> _What is expected_:
Give back exactly the lines from the one holding "古酒 日本清酒 720ml" to the bottom of the material, both included, and nothing more. No pictures.

> _Data block_:

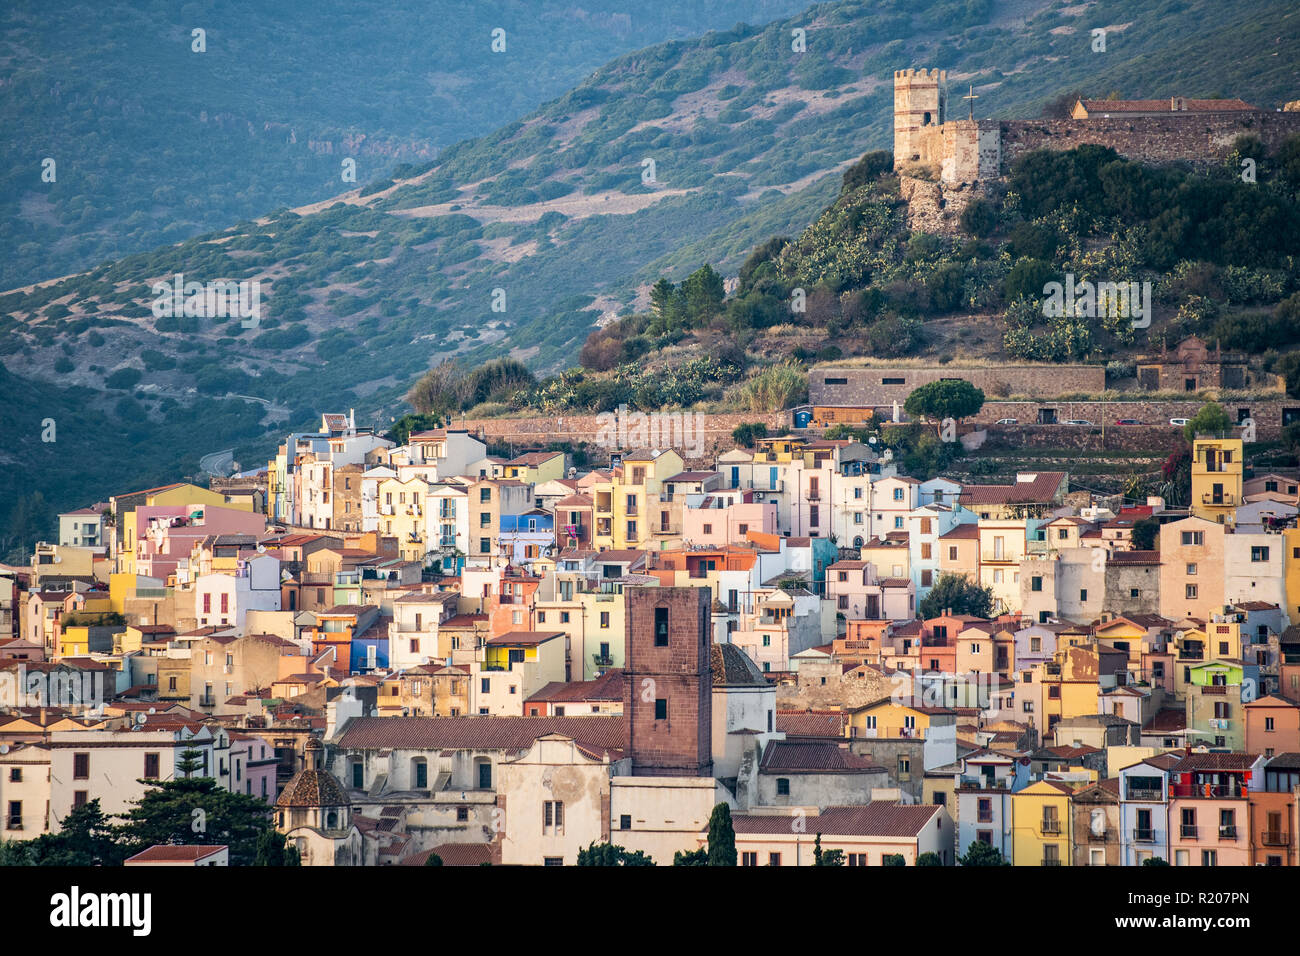 Das schöne Dorf von Bosa mit bunten Häusern und eine mittelalterliche Burg auf dem Gipfel des Hügels. Bosa liegt im Nordwesten von Sardinien, Italien. Stockfoto
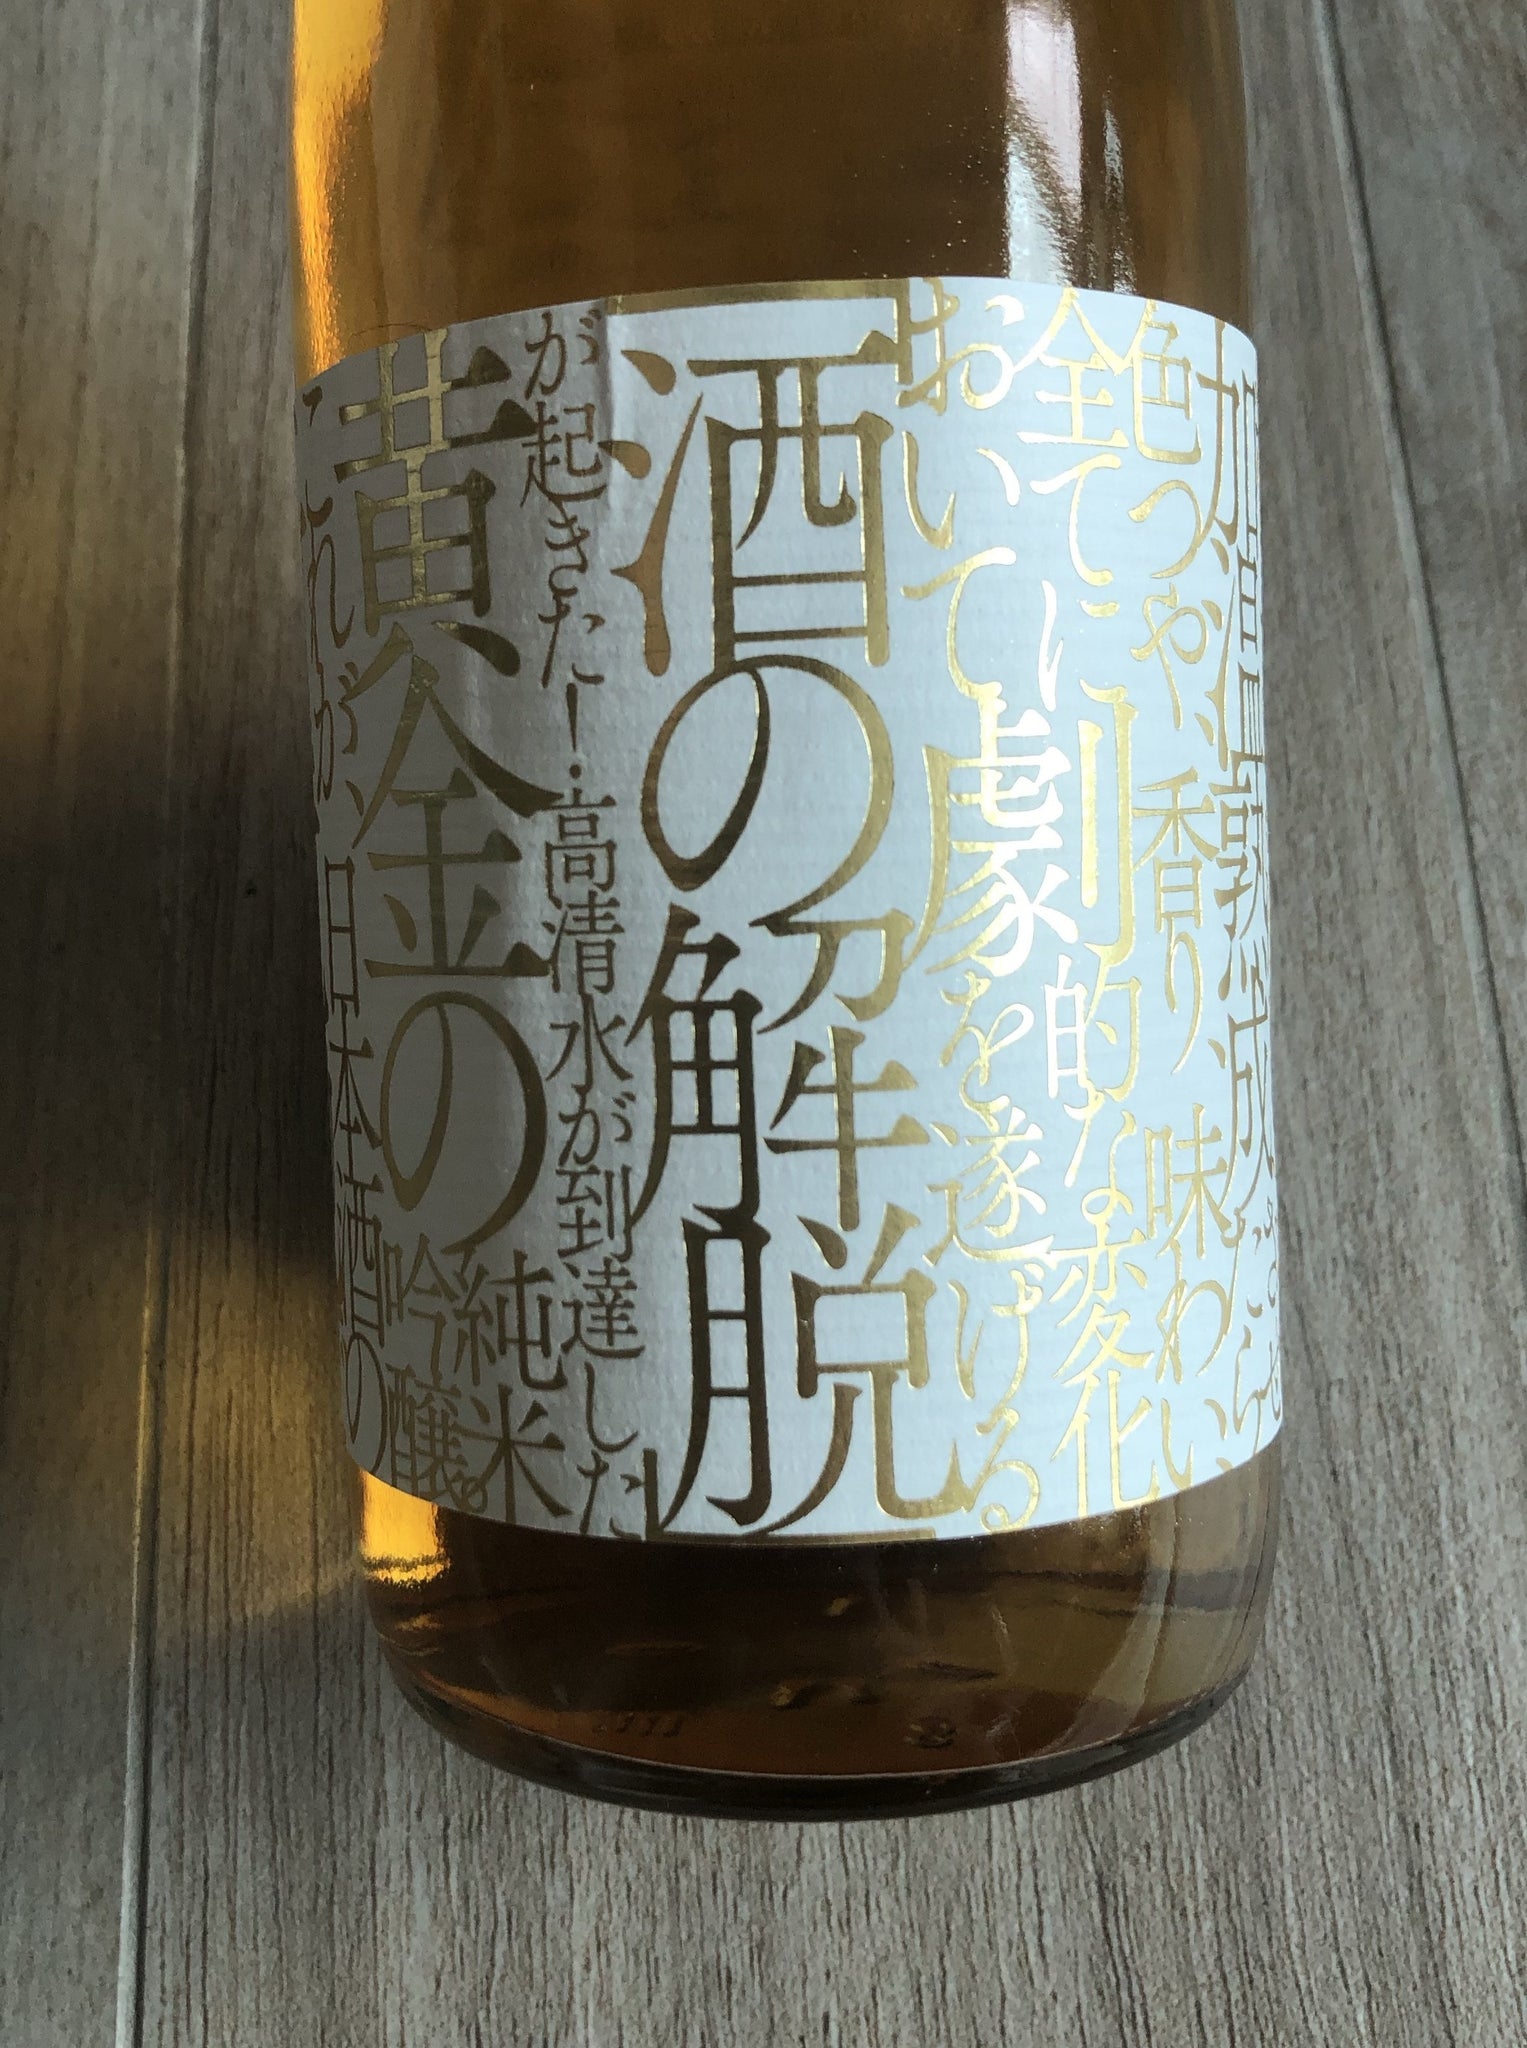 【高清水】 黃金の純米吟釀 加溫熟成解脫酒 古酒 日本清酒 720ml
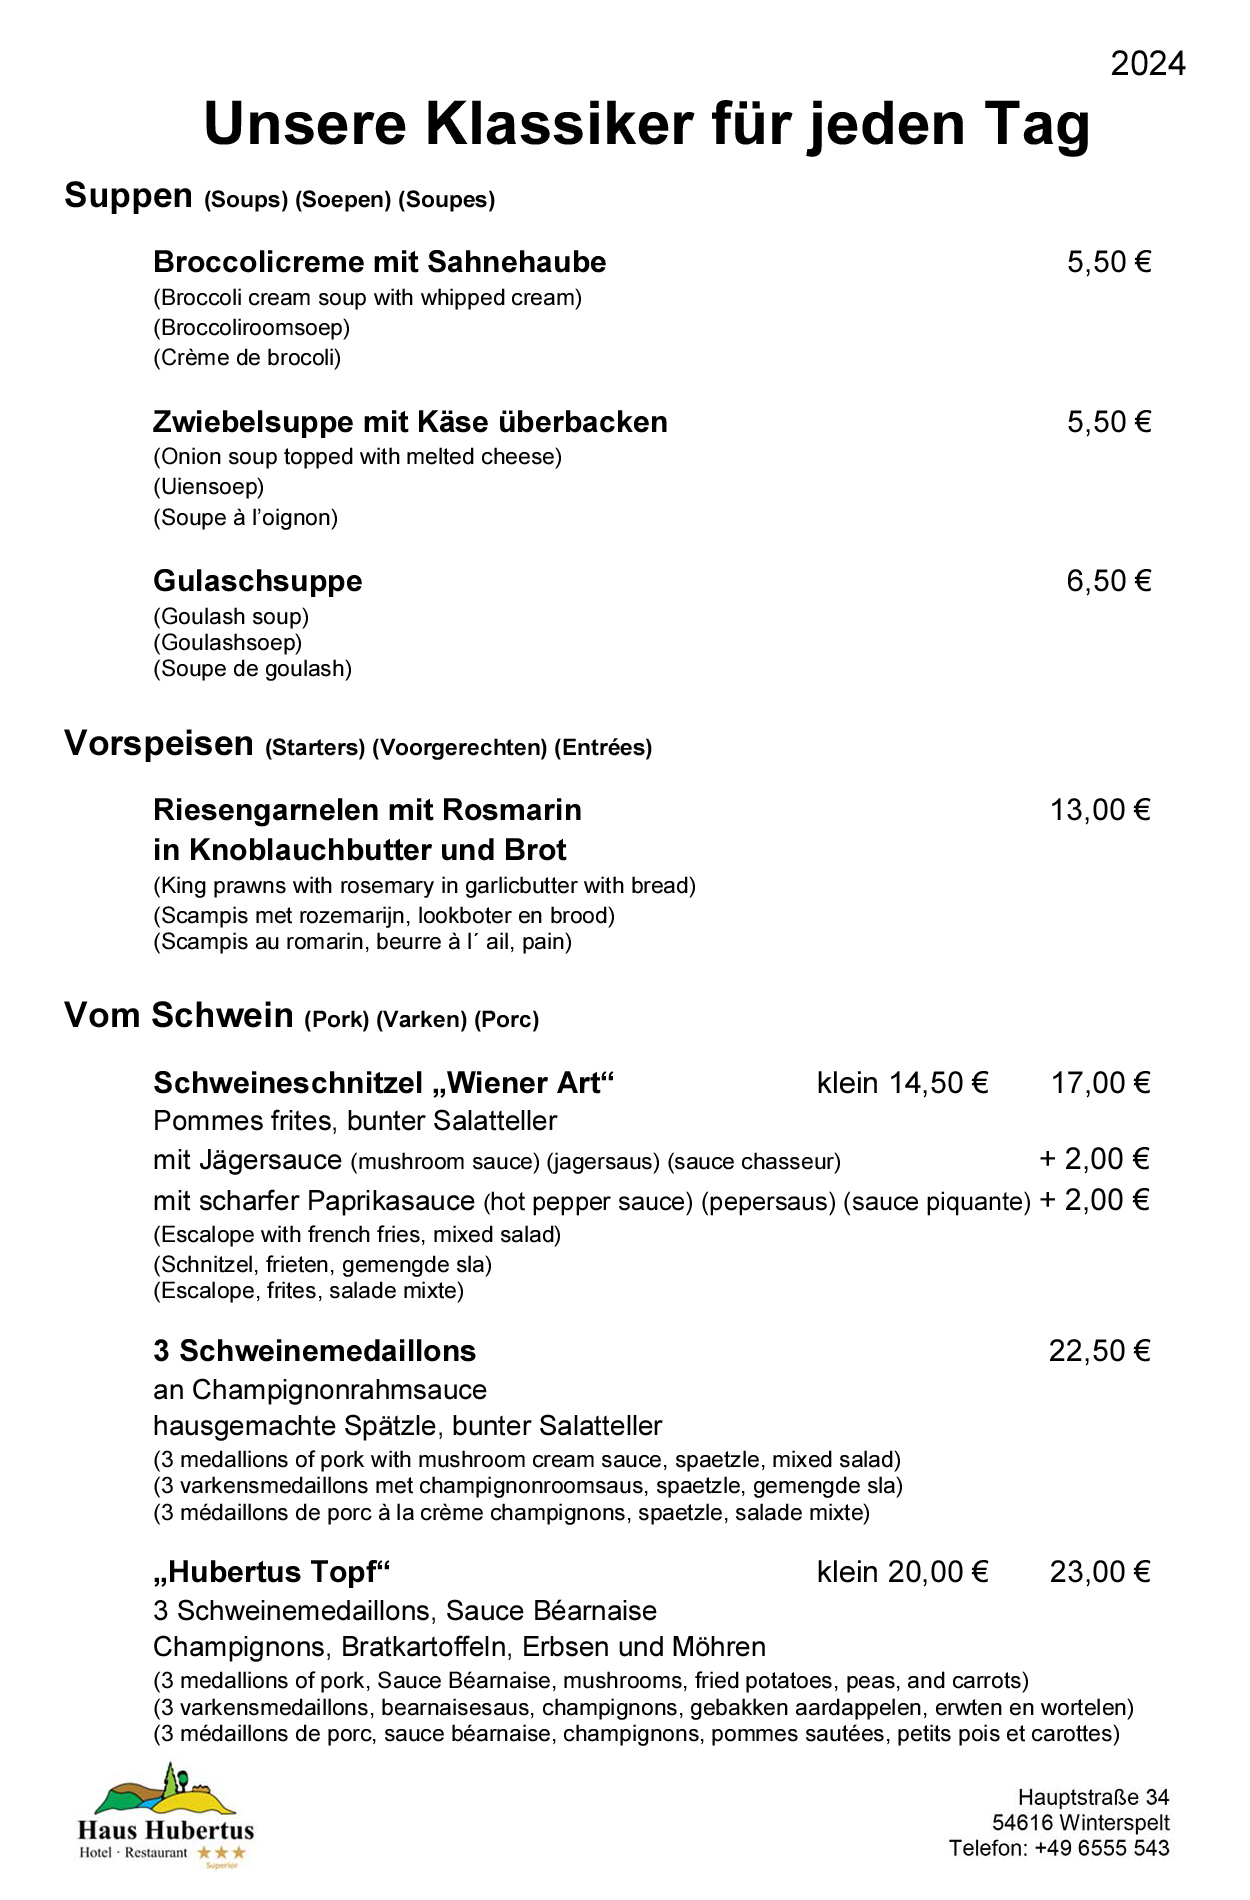 Hotel - Restaurant Haus Hubertus - Speisekarte 01/2024 - Die Klassiker - Seite 1

> _Response box_:
 【高清水】 黃金の純米吟釀 加溫熟成解脫酒 古酒 日本清酒 720ml
 Hotel - Restaurant Haus Hubertus - Speisekarte 01/2024 - Die Klassiker - Seite 1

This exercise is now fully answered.